Stored data

^^^^

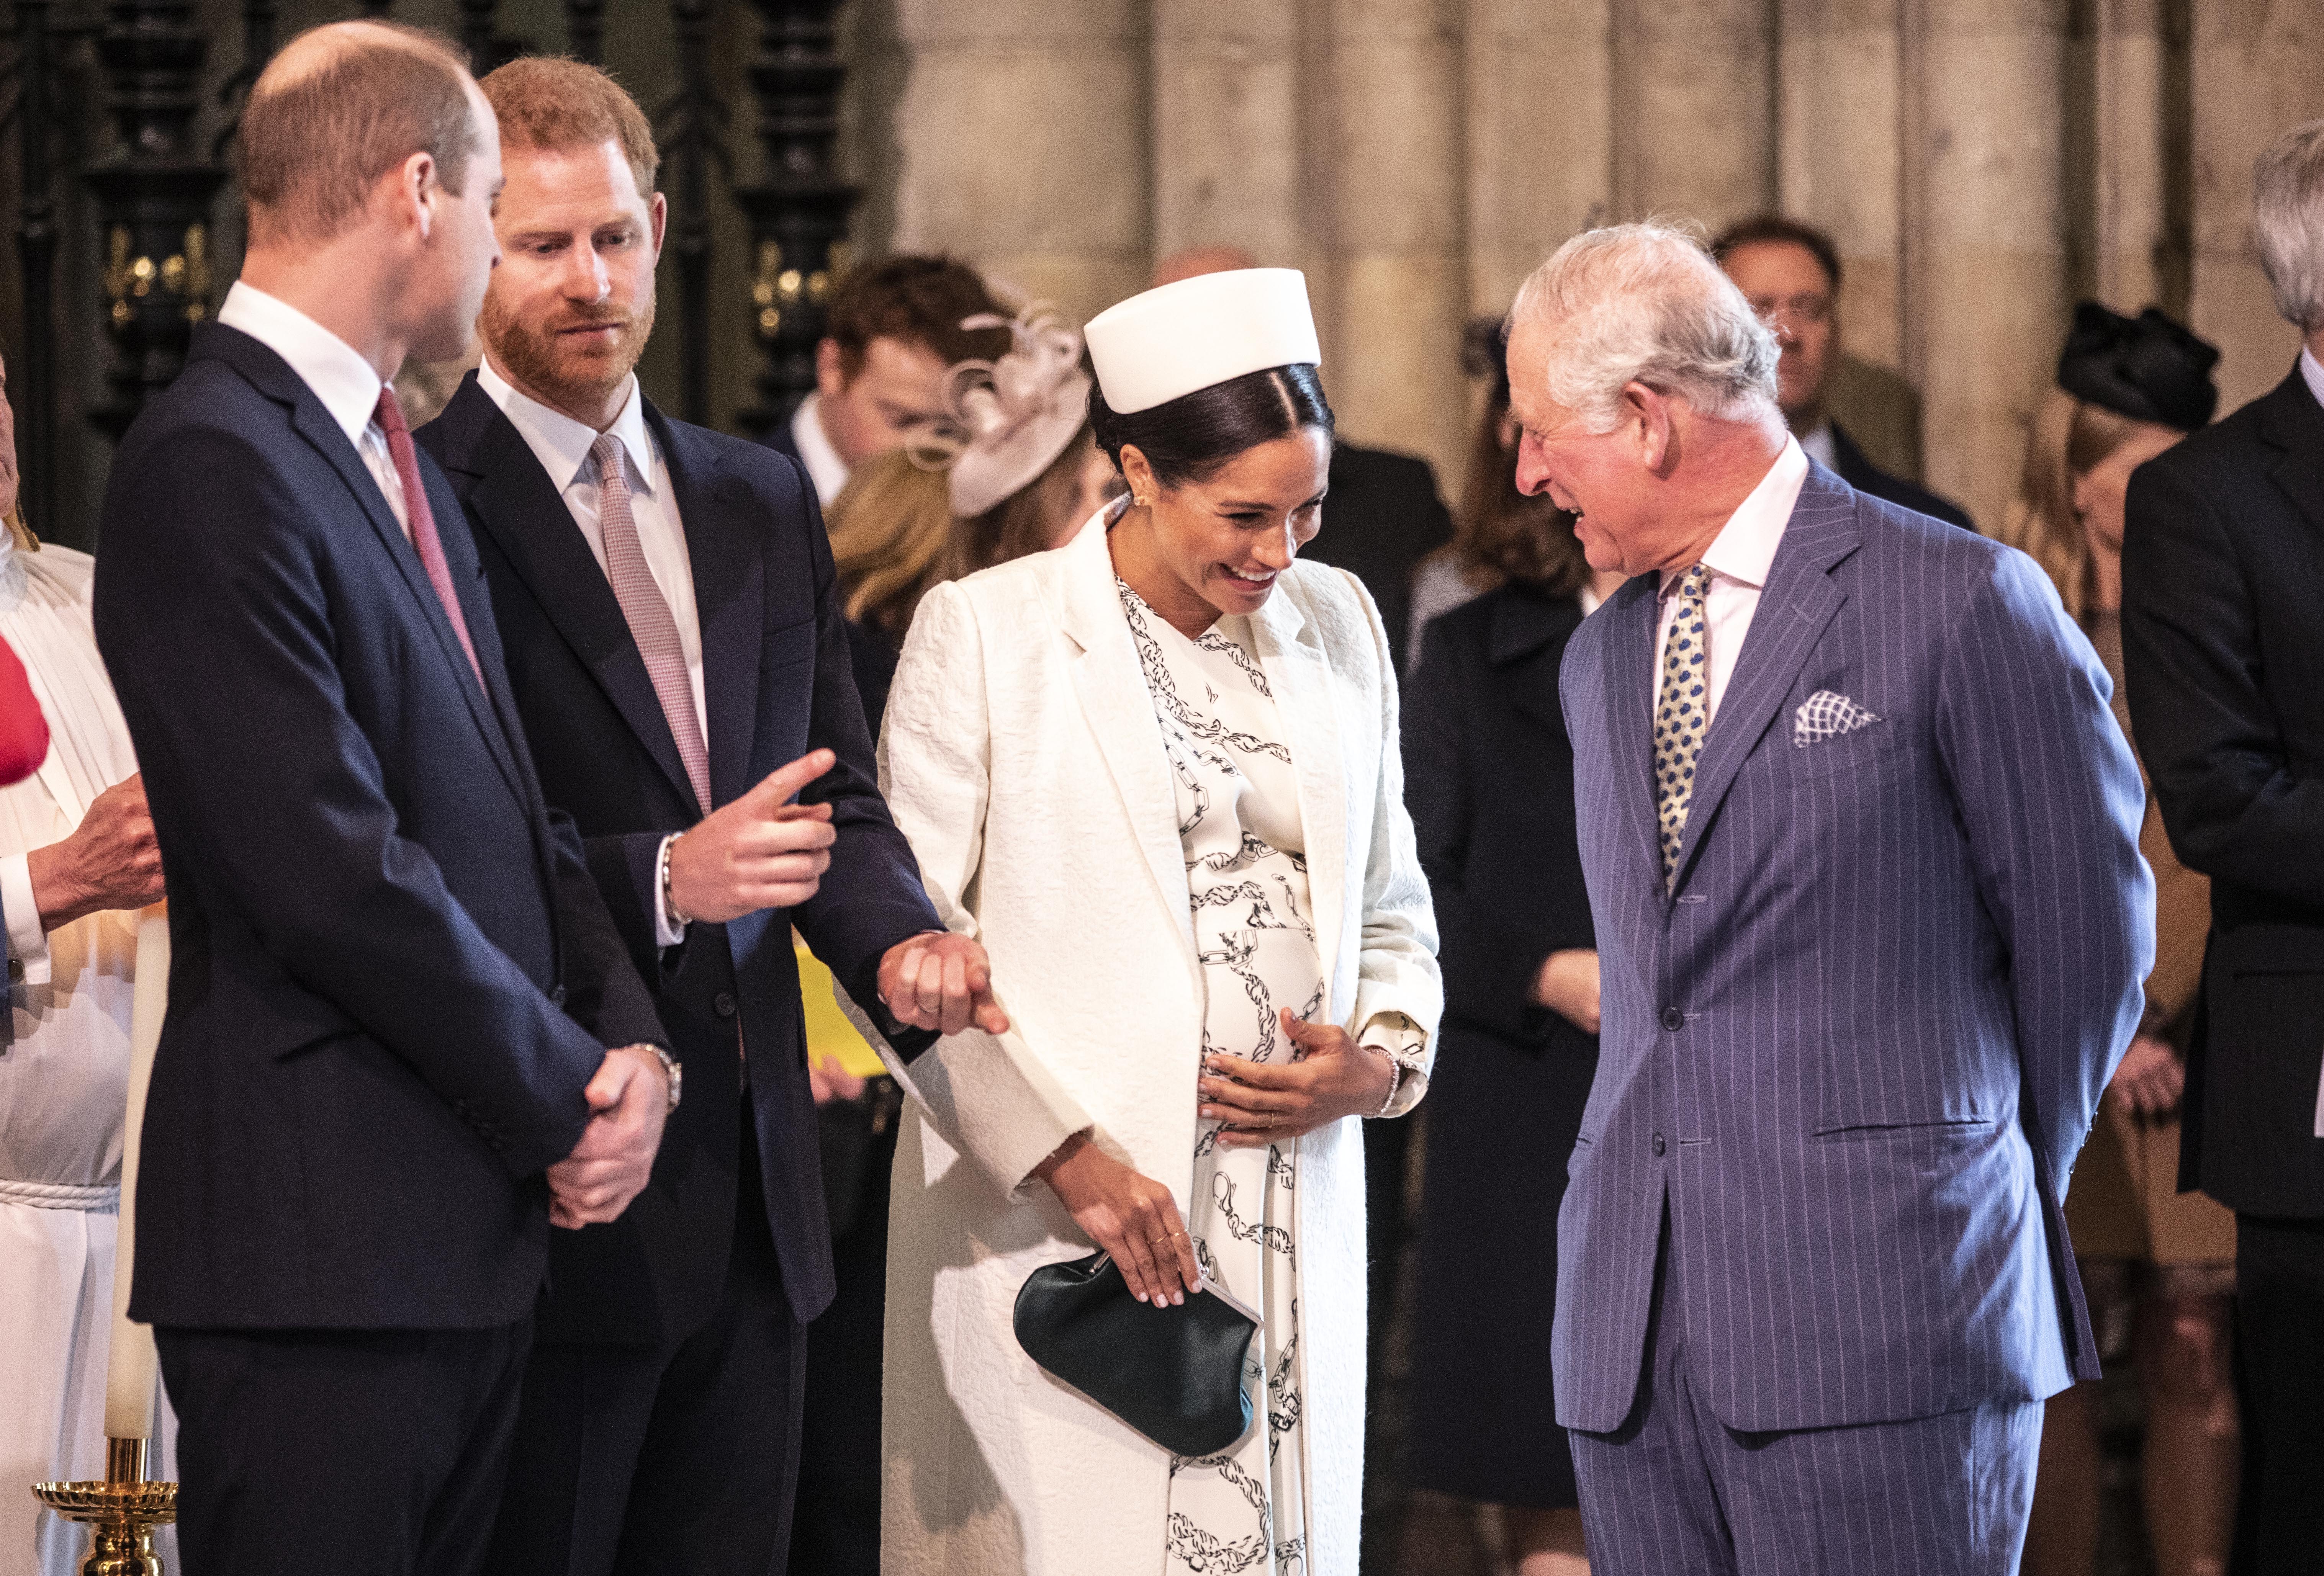 Meghan Markle talks with Prince Charles at the Westminster Abbey Commonwealth day service on March 11, 2019 in London, England | Photo: Getty Images
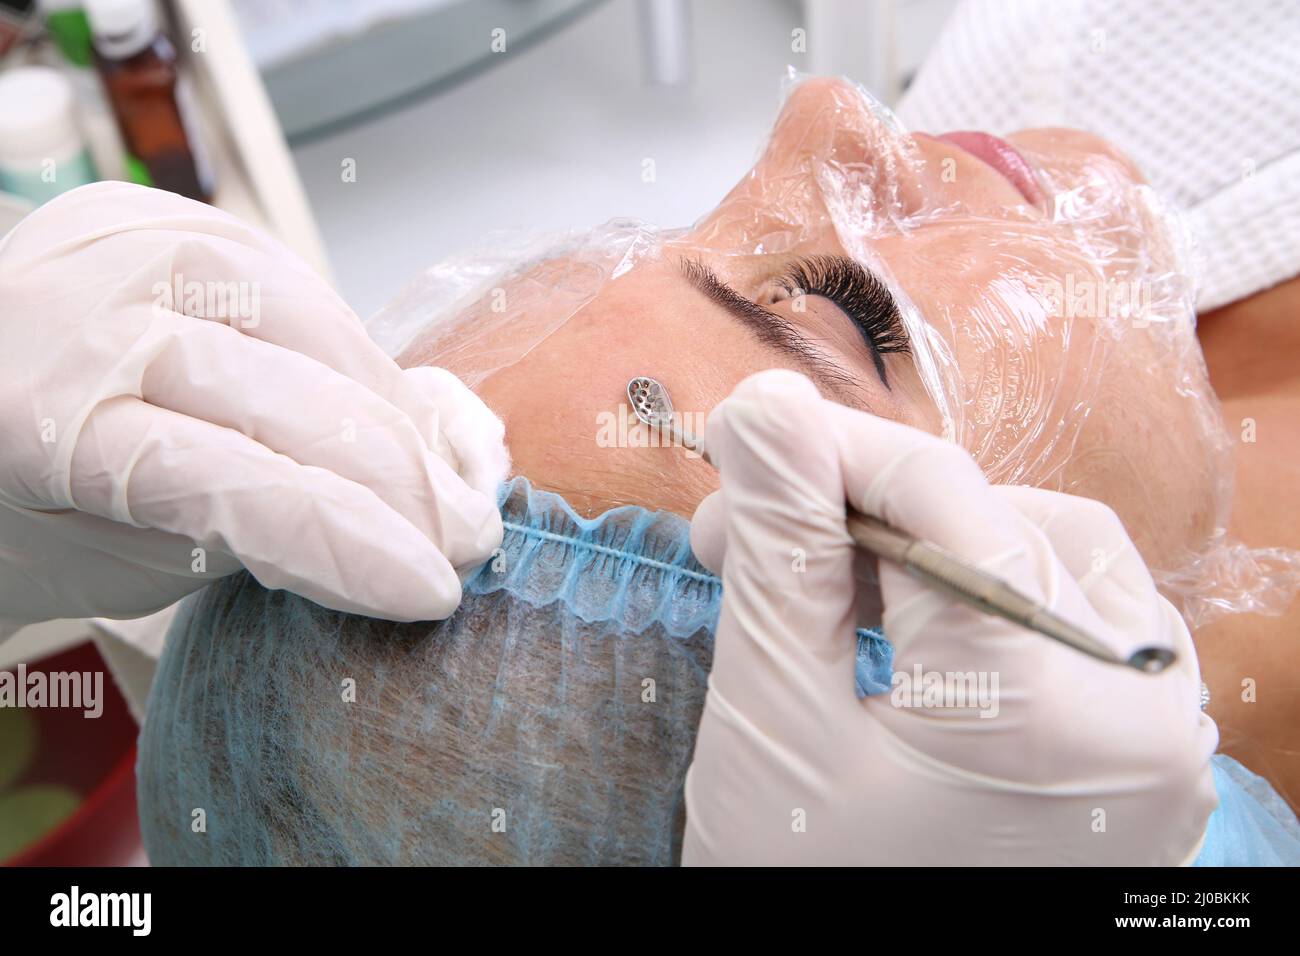 Professional cleansing of acne in a beauty salon. Stock Photo
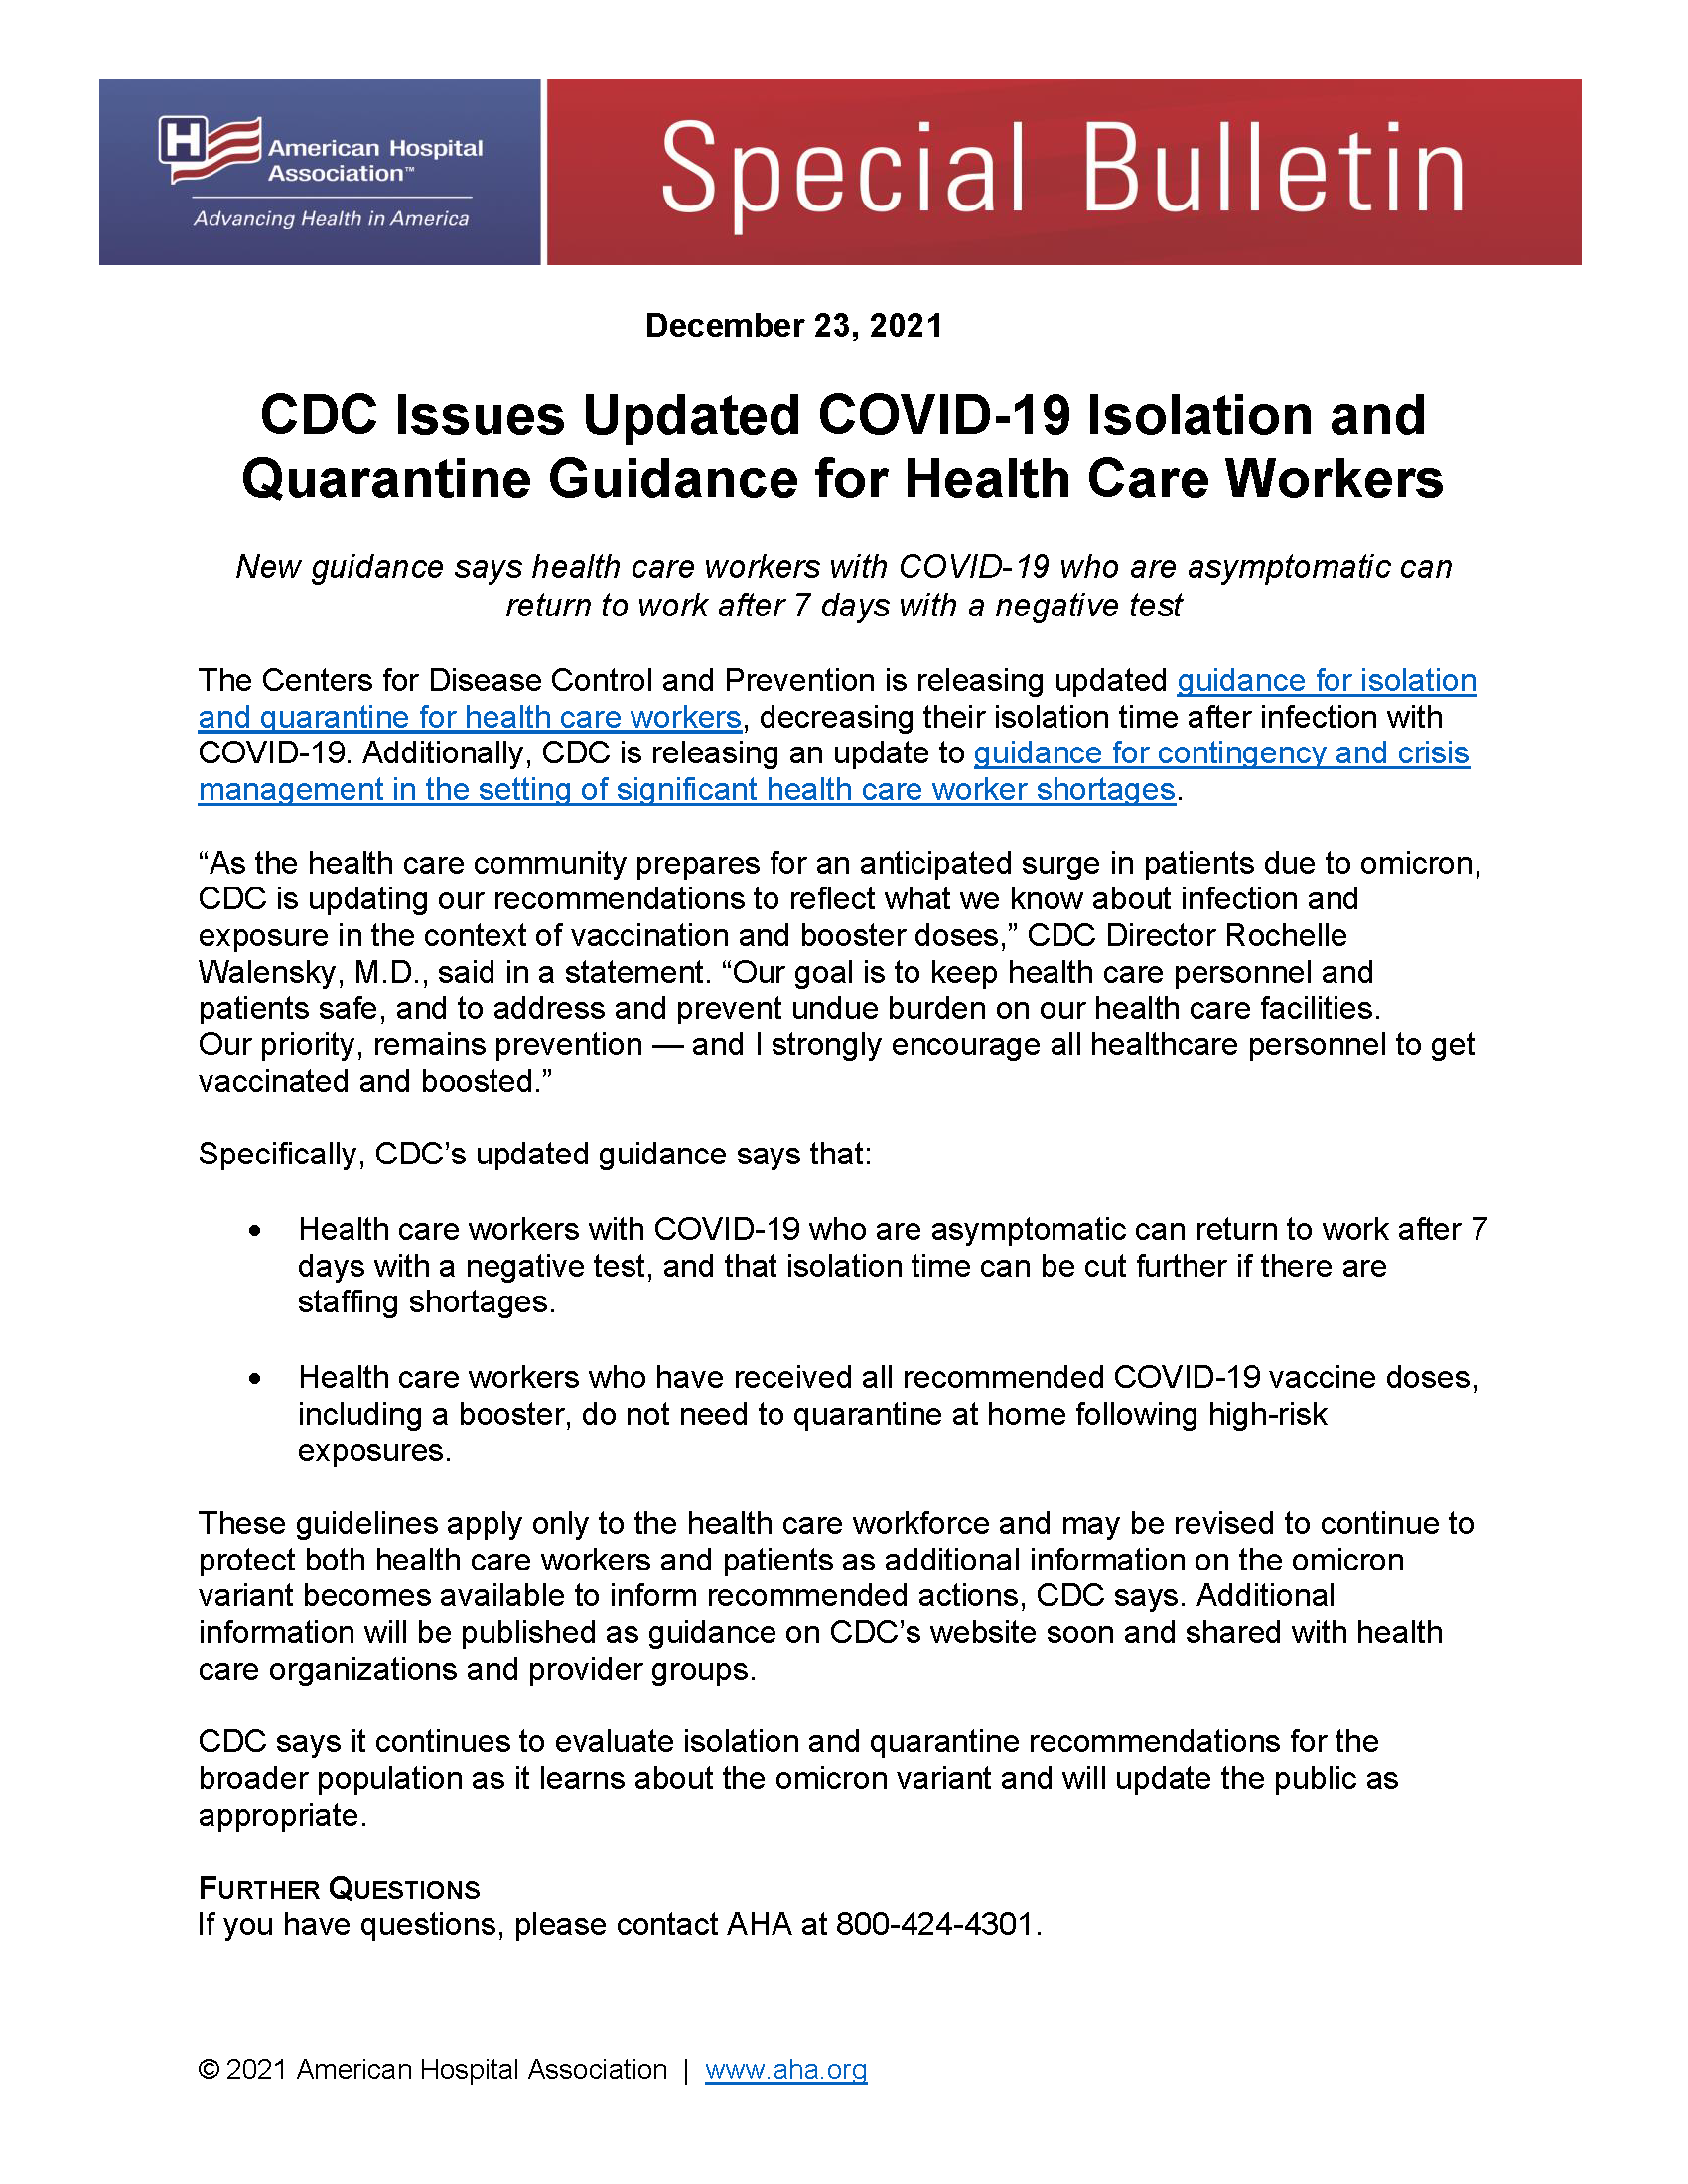 CDC Issues Updated COVID19 Isolation and Quarantine Guidance for

^^^^

Work required
Only the lines from the one containing "Professional cleansing of" through the end of the listing should be output, word for word and inclusive; keep pictures out.

Result of this task
 Professional cleansing of acne in a beauty salon. Stock Photo
 CDC Issues Updated COVID19 Isolation and Quarantine Guidance for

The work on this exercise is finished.